## Work to complete
Copy every record that appears below, exactly as it stands.
========================================================================
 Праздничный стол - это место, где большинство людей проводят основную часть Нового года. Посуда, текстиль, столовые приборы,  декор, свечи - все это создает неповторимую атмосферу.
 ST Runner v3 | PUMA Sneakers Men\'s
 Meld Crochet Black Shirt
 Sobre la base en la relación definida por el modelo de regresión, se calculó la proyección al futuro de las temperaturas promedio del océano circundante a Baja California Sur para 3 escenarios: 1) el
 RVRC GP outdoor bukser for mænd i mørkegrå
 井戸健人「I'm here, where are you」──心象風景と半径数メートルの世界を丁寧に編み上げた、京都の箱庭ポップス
========================================================================
## Exercise result
 Праздничный стол - это место, где большинство людей проводят основную часть Нового года. Посуда, текстиль, столовые приборы,  декор, свечи - все это создает неповторимую атмосферу.
 ST Runner v3 | PUMA Sneakers Men\'s
 Meld Crochet Black Shirt
 Sobre la base en la relación definida por el modelo de regresión, se calculó la proyección al futuro de las temperaturas promedio del océano circundante a Baja California Sur para 3 escenarios: 1) el
 RVRC GP outdoor bukser for mænd i mørkegrå
 井戸健人「I'm here, where are you」──心象風景と半径数メートルの世界を丁寧に編み上げた、京都の箱庭ポップス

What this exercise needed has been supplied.